Выбрать главу

— Конечно, попадешь, — скептически заметил Гарольд.

— А как же деньги?

— Применяются первоначальные правила Врат, — объяснила Онико. — Премия для старателей и их потомков и доходы с открытий. В соответствии с правилами, ценность артефакта и его содержимого была оценена в два миллиарда восемьсот с лишним миллионов долларов. Эту сумму разделили на число старателей, добравшихся до артефакта, — на двадцать три.

— Ух ты! — сказал Гарольд, выпучив глаза и пытаясь сделать про себя подсчет.

— Мои родители, — виноватым тоном признала Онико, — единственные потомки четверых первоначальных старателей, так что я унаследую все четыре доли, примерно одну шестую общей суммы. Если у них не будет других детей. Надеюсь, не будет, — кончила она.

— Ух ты! — Гарольд лишился дара речи. Даже на Снизи это произвело впечатление, хоть и не деньги девочки: алчность не относится к числу пороков хичи.

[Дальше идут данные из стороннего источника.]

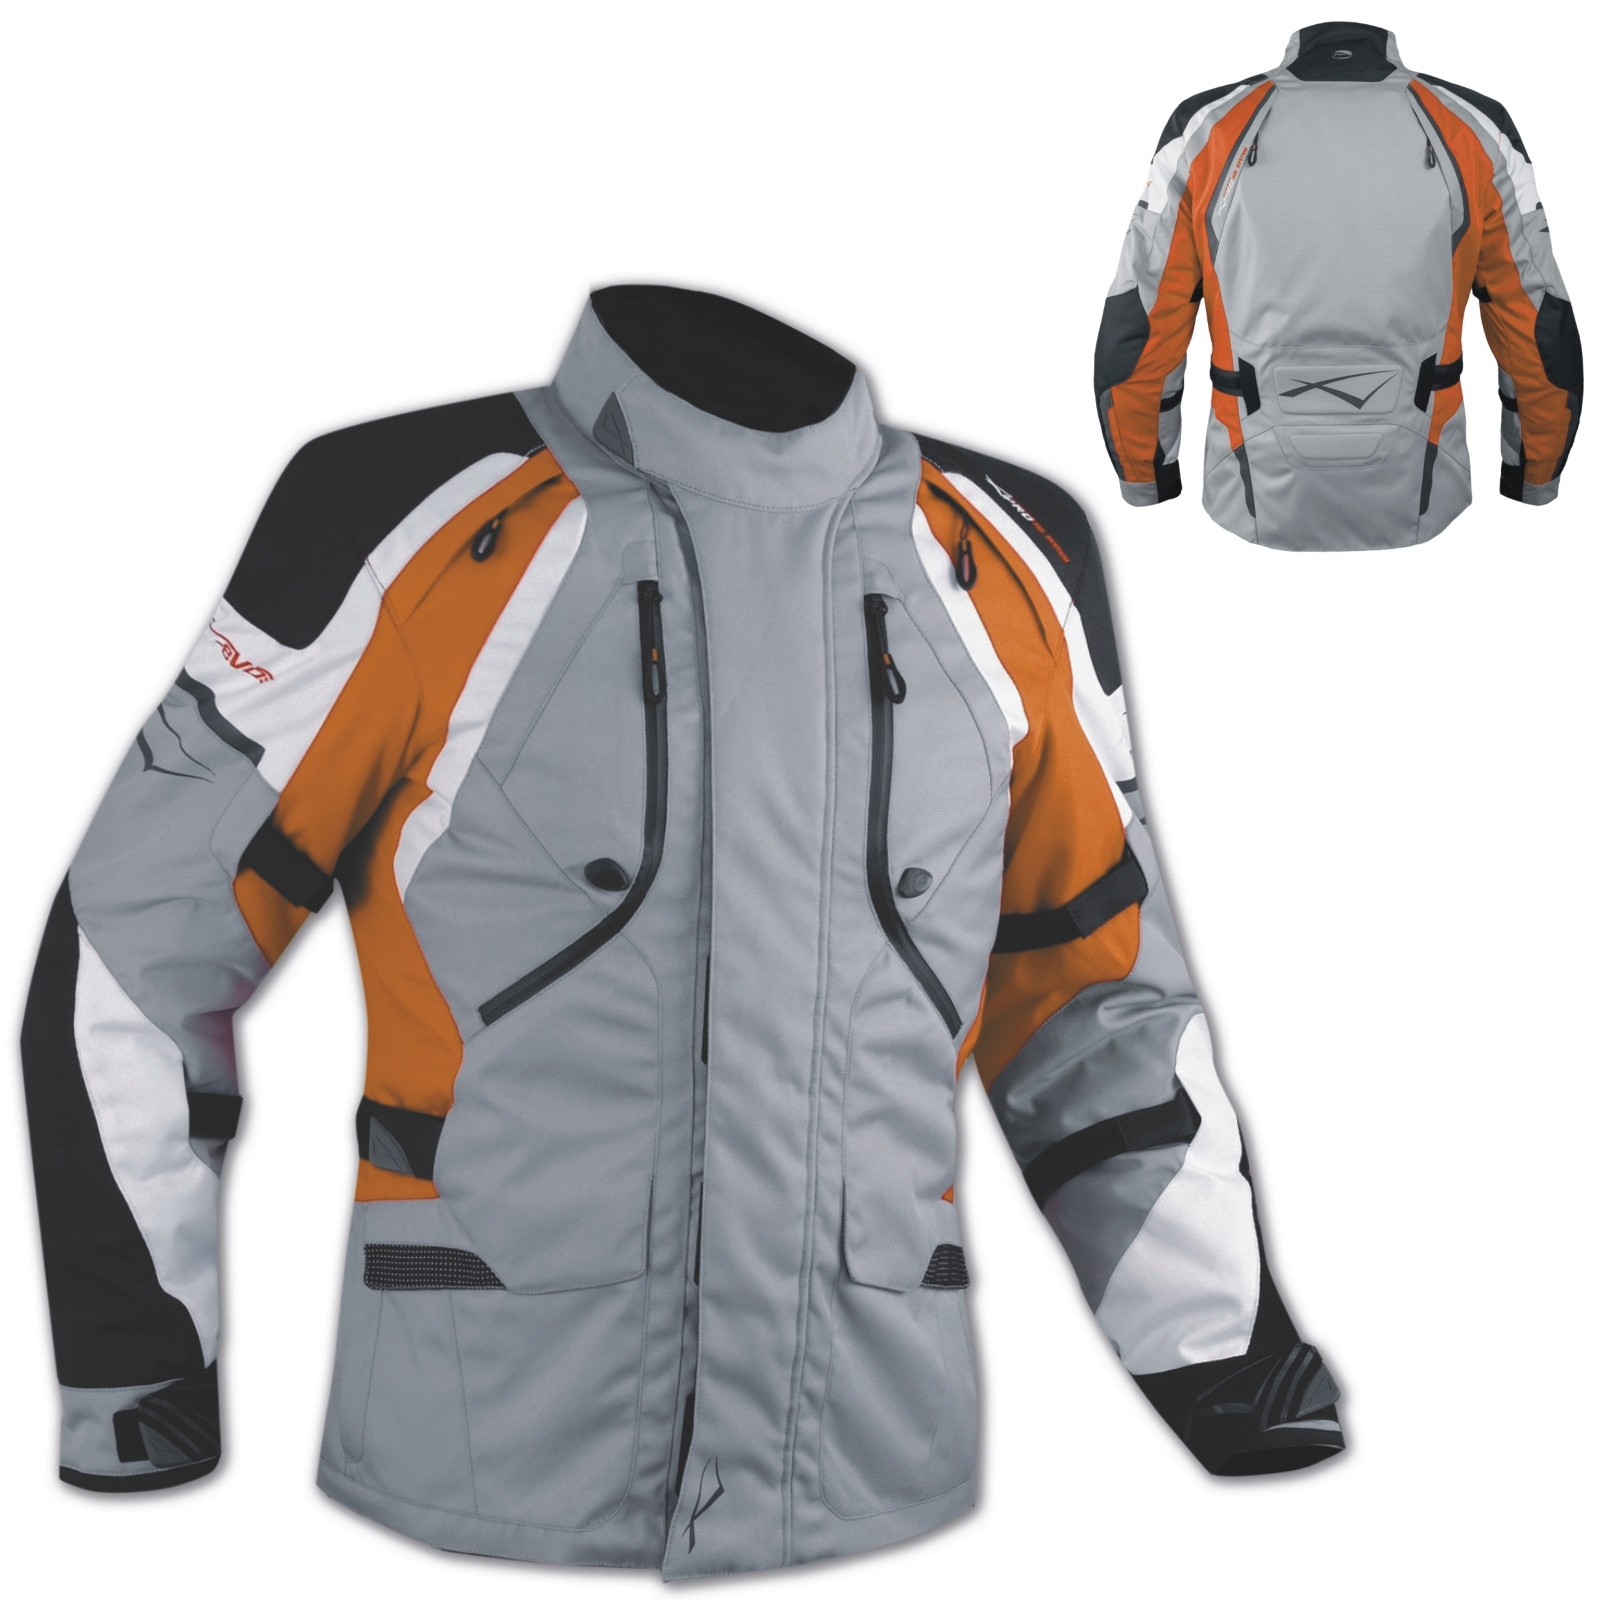 por favor no lo hagas Estrecho Antecedente Offroad Enduro Moto chaqueta impermeable tela CE aprobó Salidas de Aire  Naranja | eBay

Но он восхищался ясным логичным изложением истории.

— На самом деле стало совсем хорошо, когда появились новые люди, — продолжала девочка. — Так много нового! Было о чем поговорить! Но и до того было неплохо… о, что случилось? — закончила она в замешательстве, оглядываясь.

Темнело. Свет над головой быстро тускнел, его сменяло более слабое красное свечение. И скоро стало совсем темно. Пальмы, привыкшие к суточному ритму Земли тропического климата, получали передышку, прежде чем снова вспыхнет свет и возобновится фотосинтез.

— Так делают, чтобы деревья не заболели, — объяснил Снизи. — А красный свет оставляют, чтобы мы могли видеть: деревьям он не мешает.

Снизи это тоже не мешало, что хорошо знал Гарольд.

Старший мальчик фыркнул.

— Знаешь, Допи боится темноты.

Снизи отвернулся. Это неправда, но в то же время и не вполне ложь. В тесно заполненном звездами центре Галактики на поверхности планеты почти всегда светит солнце. Темнота не пугает, но сбивает с толку. Снизи сказал:

— Ты расскажешь нам, откуда прилетела?

— О, да, Стернутейтор. Там было так хорошо! Даже самые первые старатели полюбили это место, я думаю, хотя, конечно, они хотели бы вернуться к своим семьям. Но там много еды и воды и есть много занятий. У нас оказалось множество книг хичи и свыше ста Древних Предков хичи, с которыми можно поговорить. Они научили нас пользоваться капсулами, — гордо сказала девочка.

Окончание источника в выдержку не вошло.